▸ **Your objective**
Leave every image behind and restate the data word for word.

▸ **Data section**

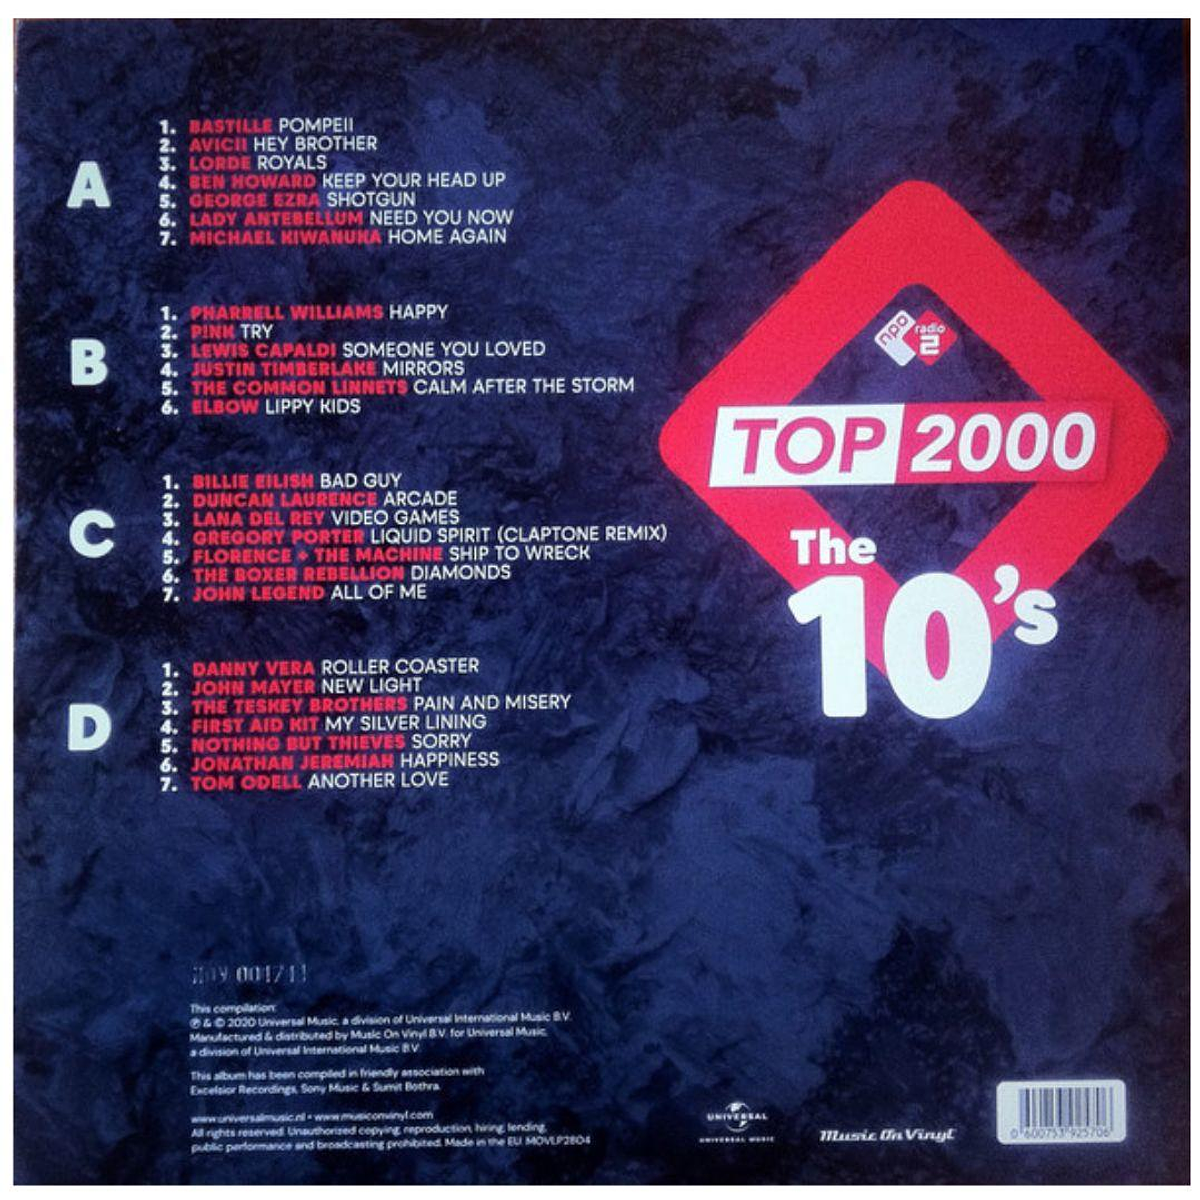 Stream AmandaBeloto, Listen to Pop Nostalgia, Pop Internacional Anos 2000
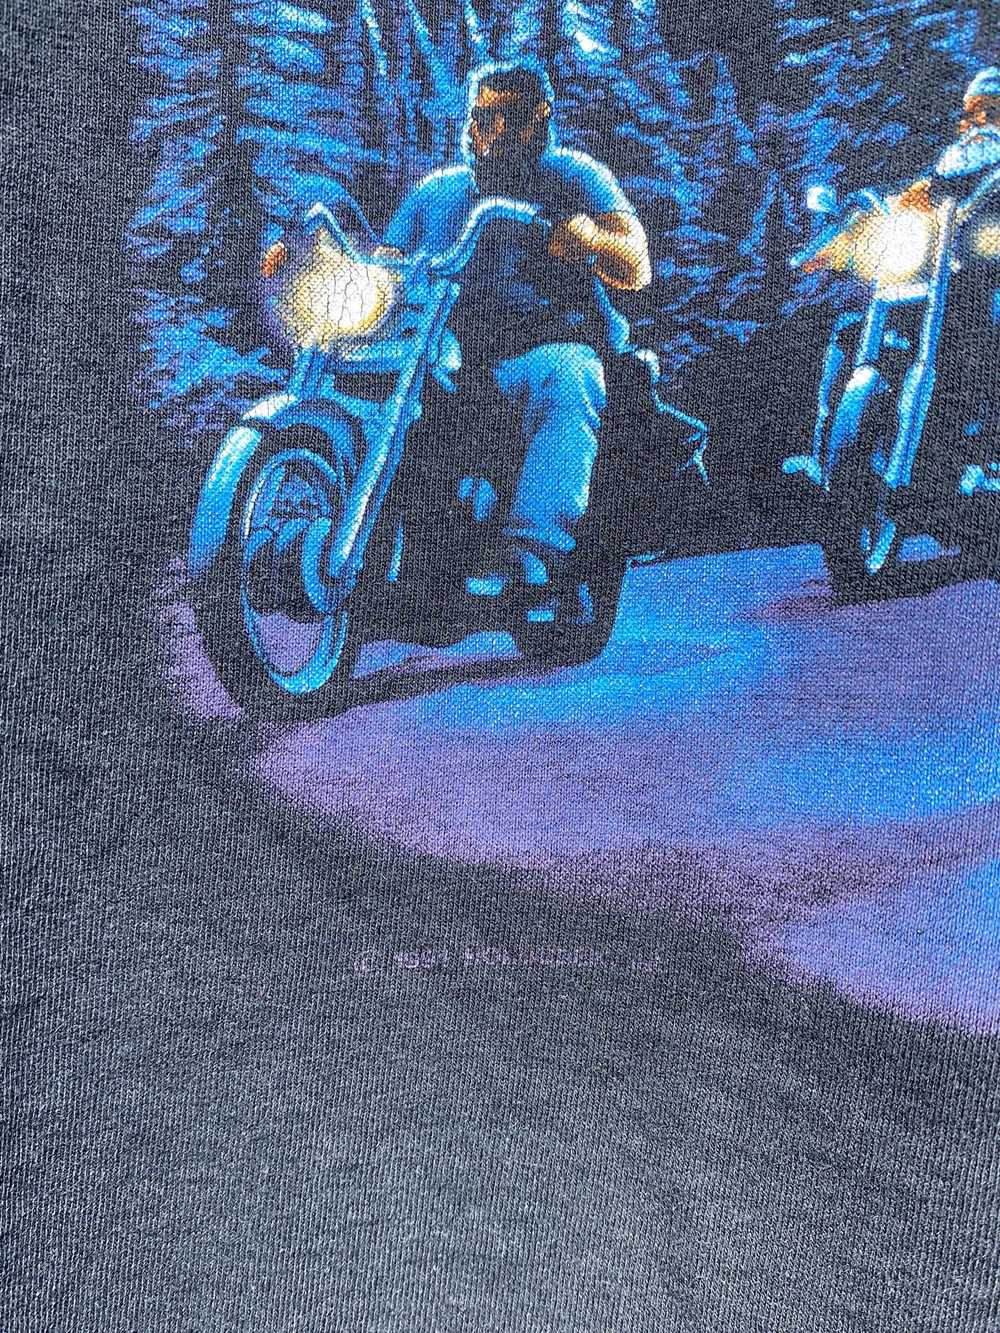 Vintage 1991 Harley Davidson t-shirt - image 5
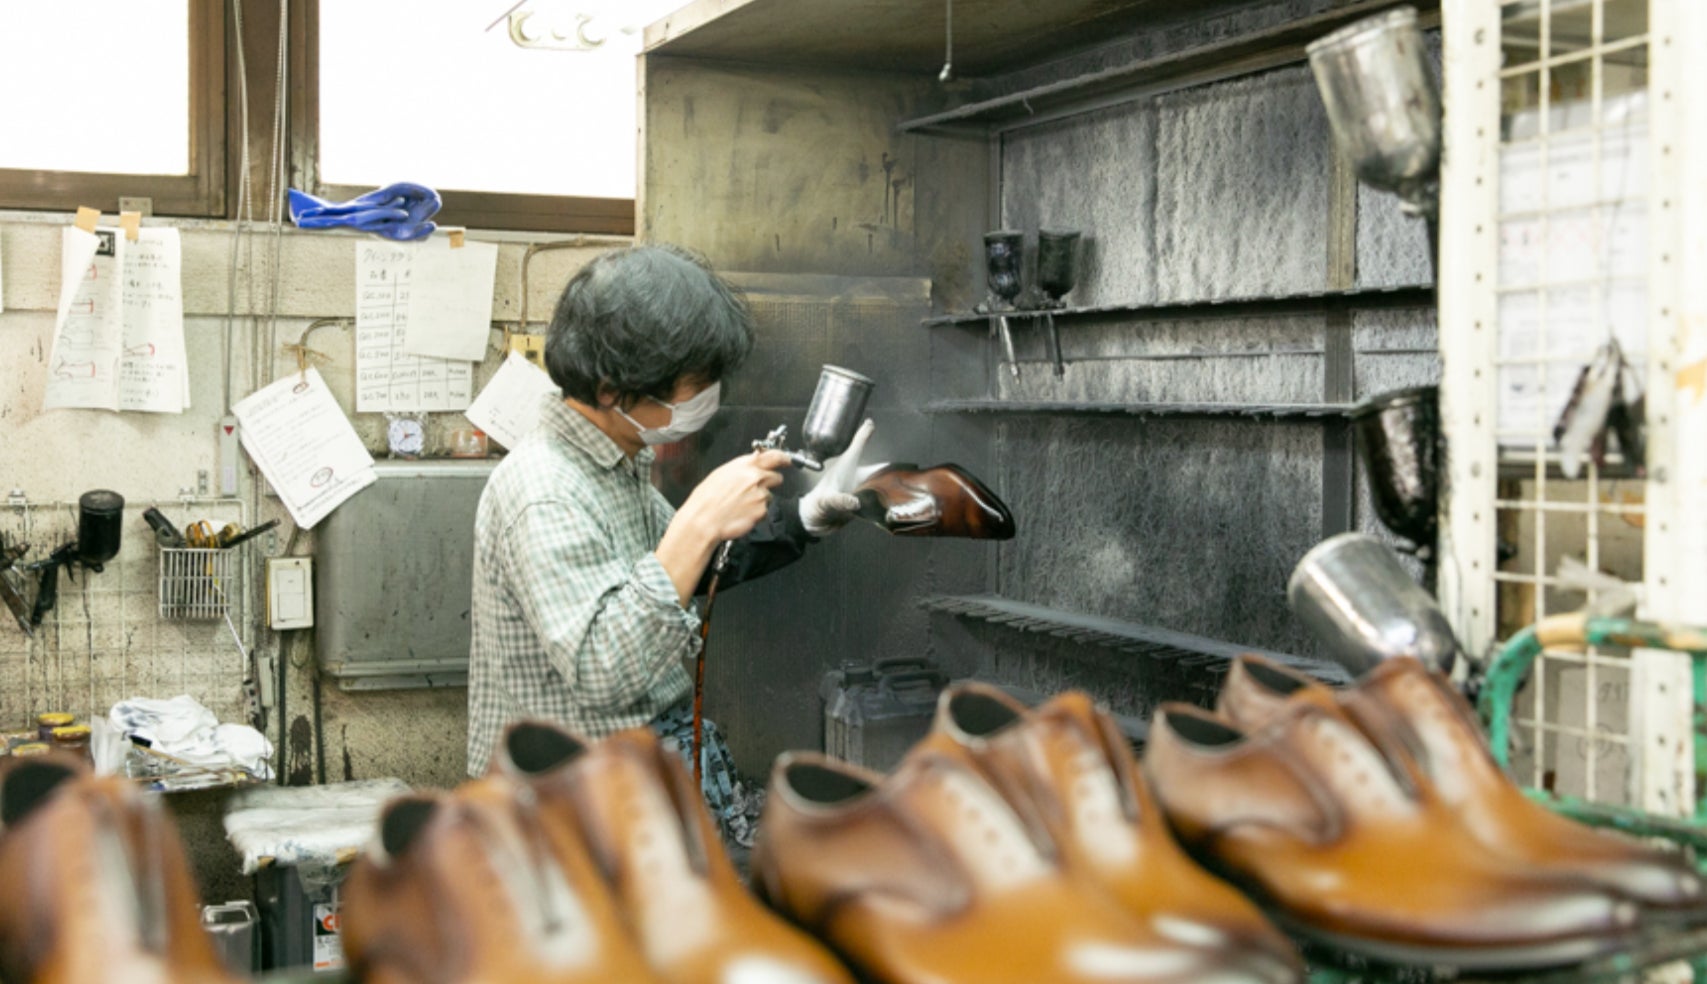 昭和40年代からいち早く自社ブランドを立ち上げた老舗の靴工房。現場の声を活かす企画力と、60年培われた職人...

▸ **Exercise output**
 Stream AmandaBeloto, Listen to Pop Nostalgia, Pop Internacional Anos 2000
 Vintage 1991 Harley Davidson t-shirt - image 5
 昭和40年代からいち早く自社ブランドを立ち上げた老舗の靴工房。現場の声を活かす企画力と、60年培われた職人...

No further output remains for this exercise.